DID YOU FIND BIG DIFFERENCES IN THE WAY YOU GREW UP VS. YOUR SPOUSE DUE TO DIFFERENCES IN RACE?
Not too much. The obvious differences though would be food, language, and humor.
WHAT IS THE MOST UNEXPECTED THING YOU'VE LEARNED ABOUT EACH OTHER'S CULTURE? How much they are alike.
ARE THERE ANY COMMENTS YOU ARE REALLY TIRED OF HEARING FROM PEOPLE IN REGARDS TO RACE/CULTURE?

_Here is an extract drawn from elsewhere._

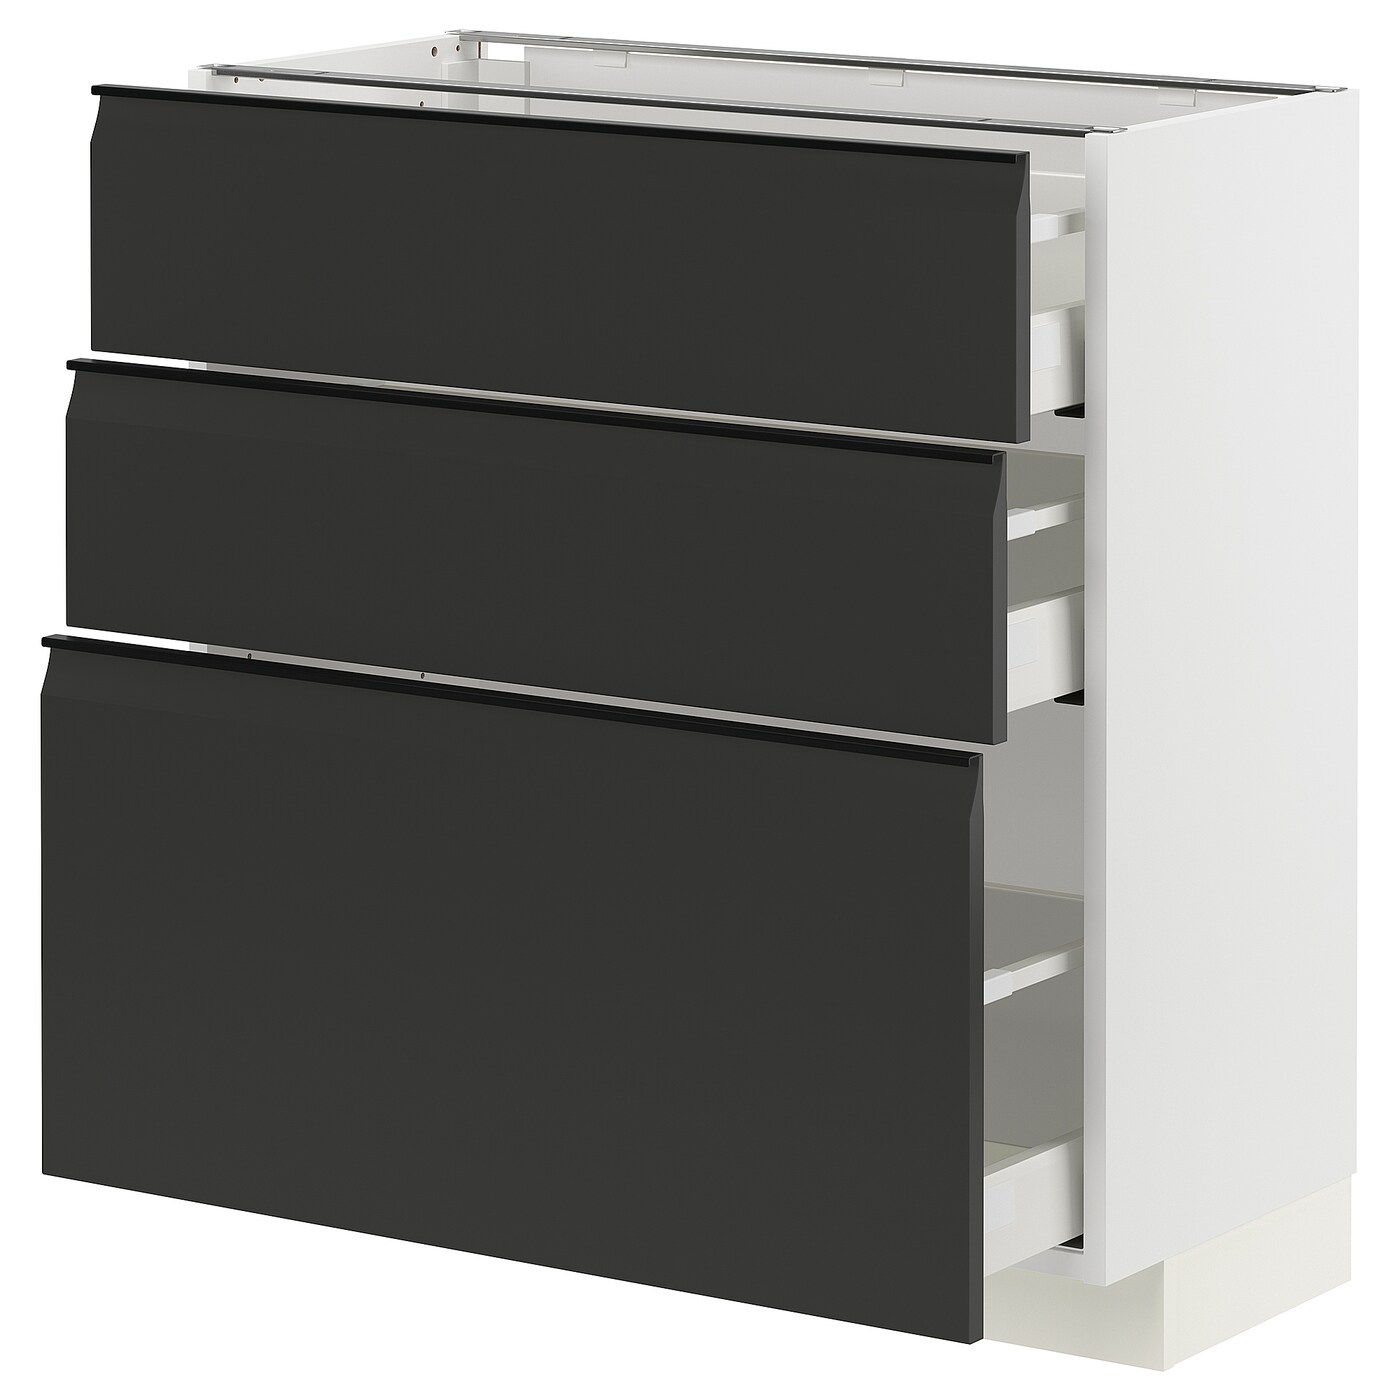 Напольный шкаф - METOD / MAXIMERA IKEA/ МЕТОД/ МАКСИМЕРА ИКЕА,  88х80 см, белый/черный

I am by no means the politically correct type. Sometimes people say things purely out of humor or admiration. But the things I tire of hearing that are just conditioned and sometimes ignorant...are “oh you have beautiful..(emphasis)-mixed children.” Or “she has good hair!” It is one thing to say her style is cute or you may even like her curls, or you even love her skin tone...but why “good” and why “mixed” as to say an alternative is not. I have heard this from Asian, Black, and White women referring to my children. It saddens me when people compliment being light as a means of beautiful because although they are trying to compliment my child they are demeaning my values as a person who loves all skin tones and who loves all people. I have some dark girlfriends with beautiful children with chocolate skin. I think about them. I don’t want any child to feel as they are less than any other. I don’t think any child/person should think they are superior to the next either. So this “step on another to put one above” attitude from any place (black/white/martian)..bothers me so much. Fair skin is beautiful, Dark skin is beautiful..I have never understood why one has to be put down for another to appear more beautiful. Why can’t it just be beautiful on it’s own. Why can’t it be beautiful together? Well, that is a whole other rant. When we were living in L.A. people thought I was Latina, so when husband and I would walk together, we would get dirty looks from some young Hispanic men and dirty looks from some young Black women. Although we could understand maybe their frustration of looking at what they viewed as “their own” biting the dust, we both knew that if they truly knew us, they would feel otherwise. We learned to pay no mind and that those individuals did not reflect their culture as whole either.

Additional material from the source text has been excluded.